Repeat, exactly and in full, the lines of the listing below, but without any pictures.

#### Collected data:
● ● ● ● ● ● ●

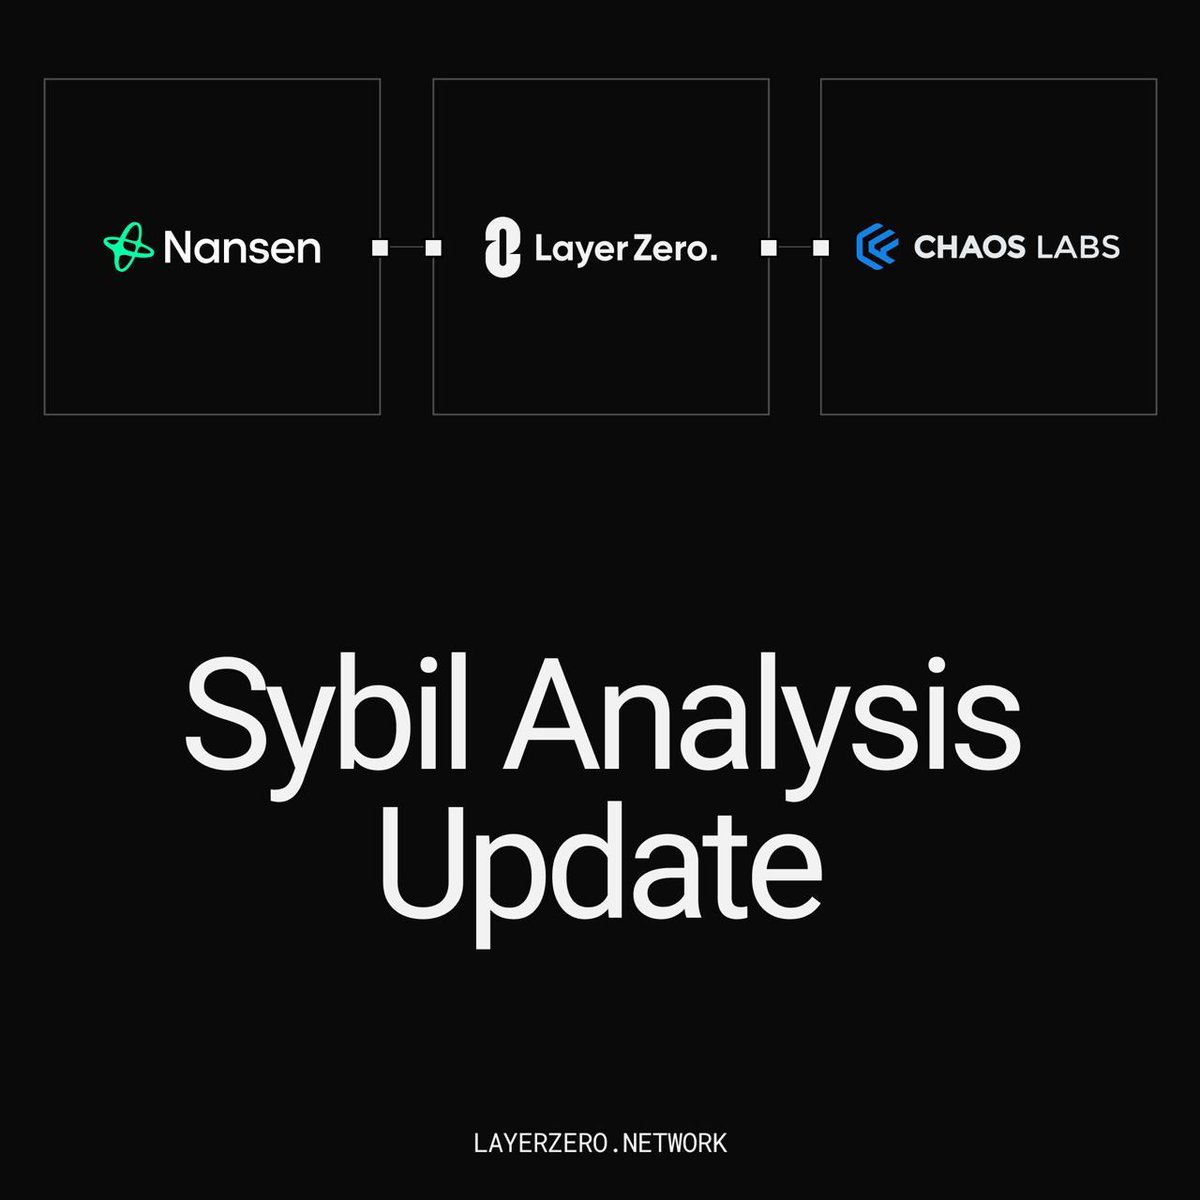 Sybil Report LayerZero has been working with industry-leading partners @chaos_labs and @nansen_ai to conduct our sybil detection report. This analysis will consider every user’s total transactions weighted across all LayerZero applications with the goal of aligning TGE with
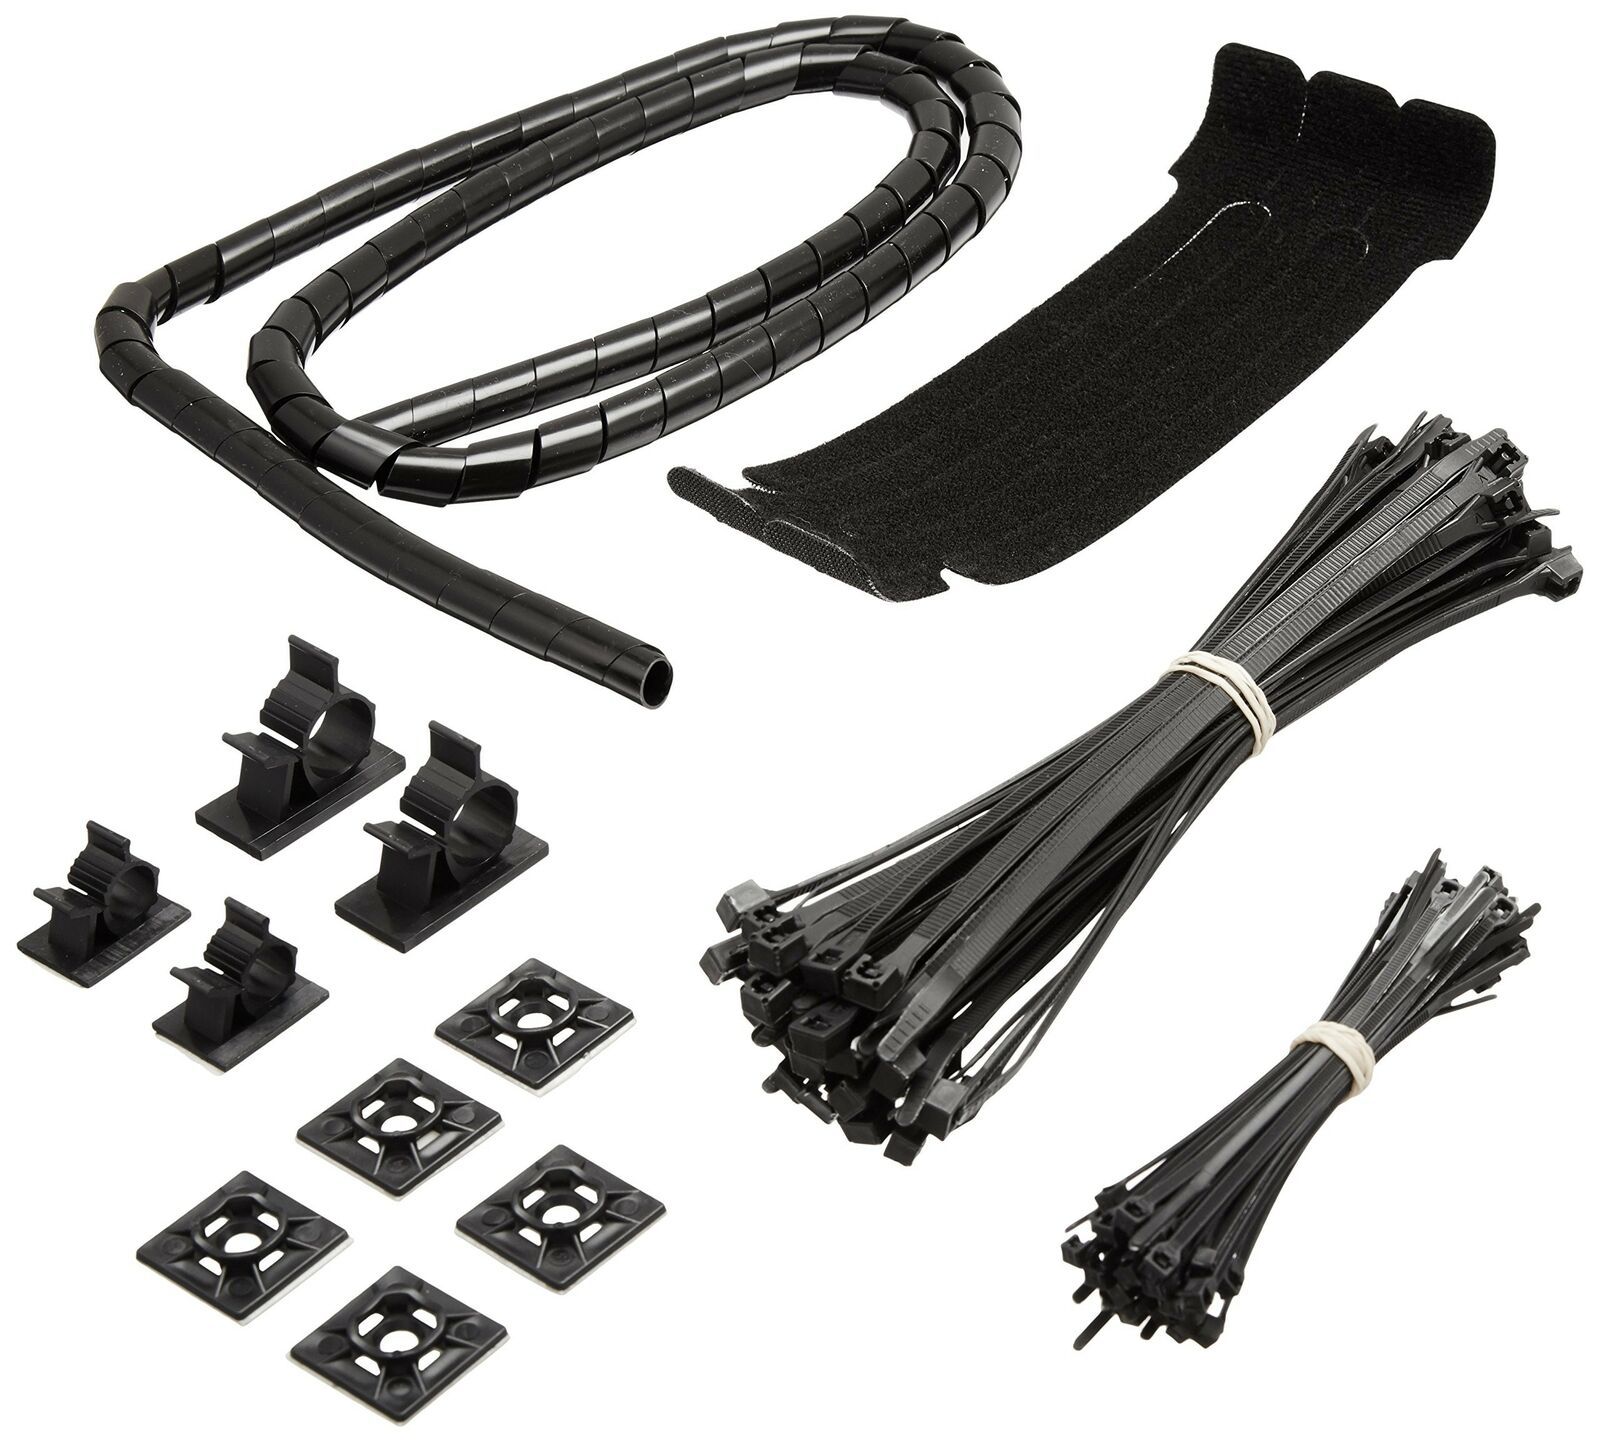 Primary image for Gardner BenderWMK-101M Electrical Wrap Pack Electrical Cord Organizers Kit
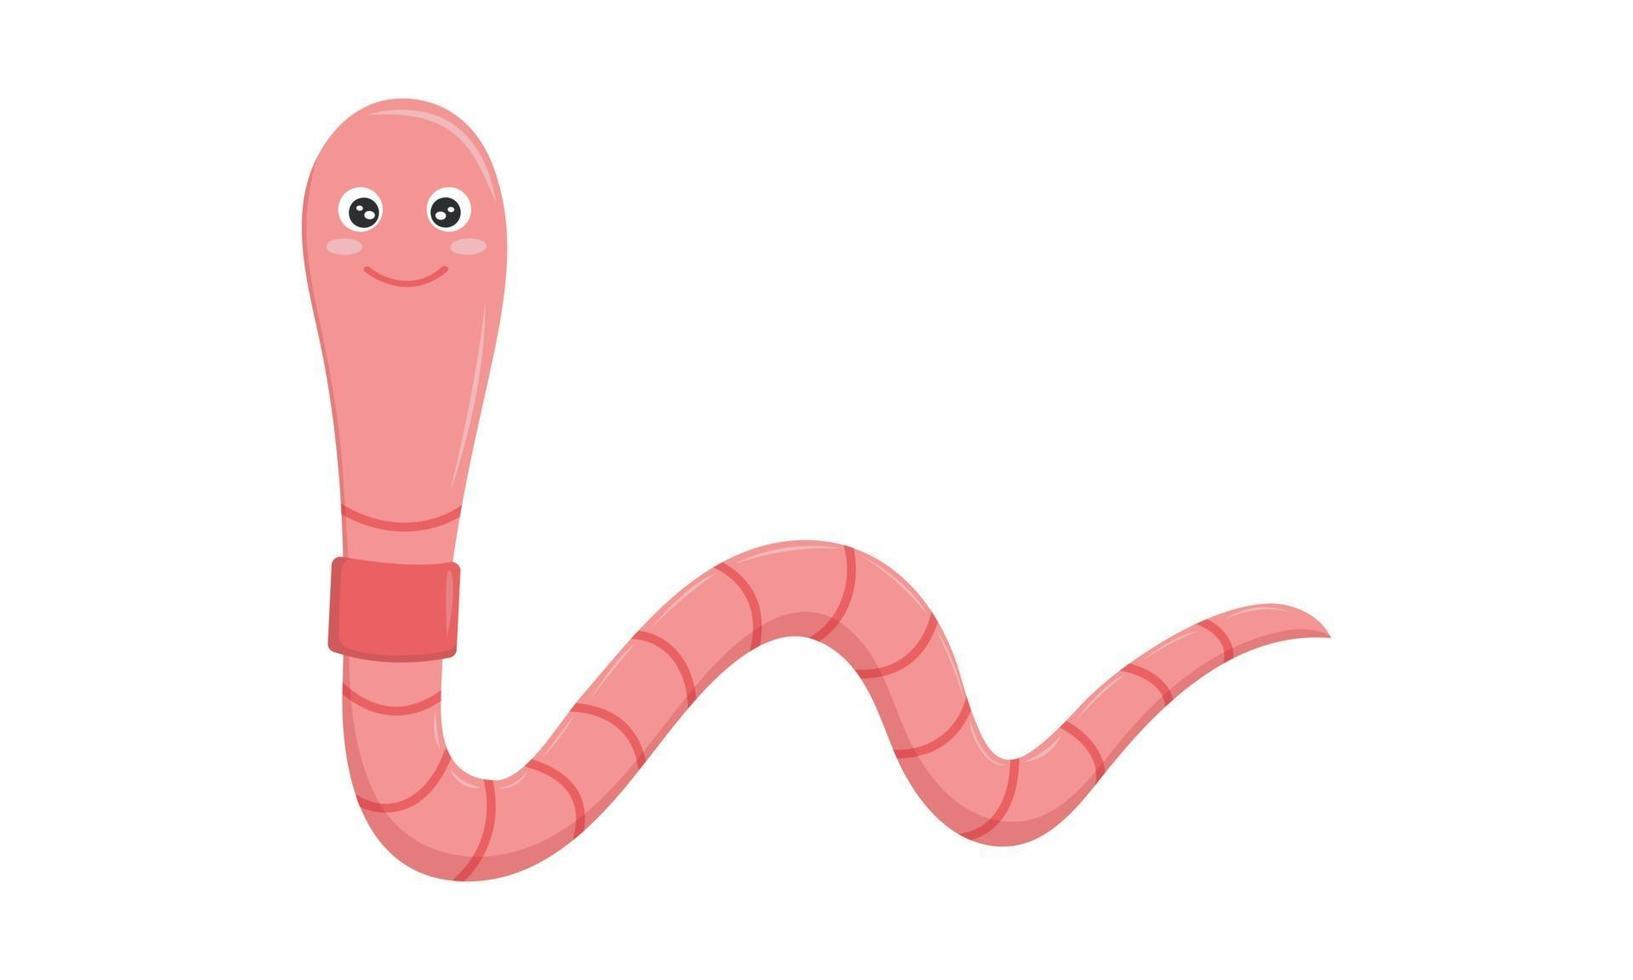 Cute worm character isolated on white background. Earthworm with smiling face in childish style vector

● ● ● ● ● ● ●

#### Solution below:
 Sybil Report LayerZero has been working with industry-leading partners @chaos_labs and @nansen_ai to conduct our sybil detection report. This analysis will consider every user’s total transactions weighted across all LayerZero applications with the goal of aligning TGE with
 Primary image for Gardner BenderWMK-101M Electrical Wrap Pack Electrical Cord Organizers Kit
 Cute worm character isolated on white background. Earthworm with smiling face in childish style vector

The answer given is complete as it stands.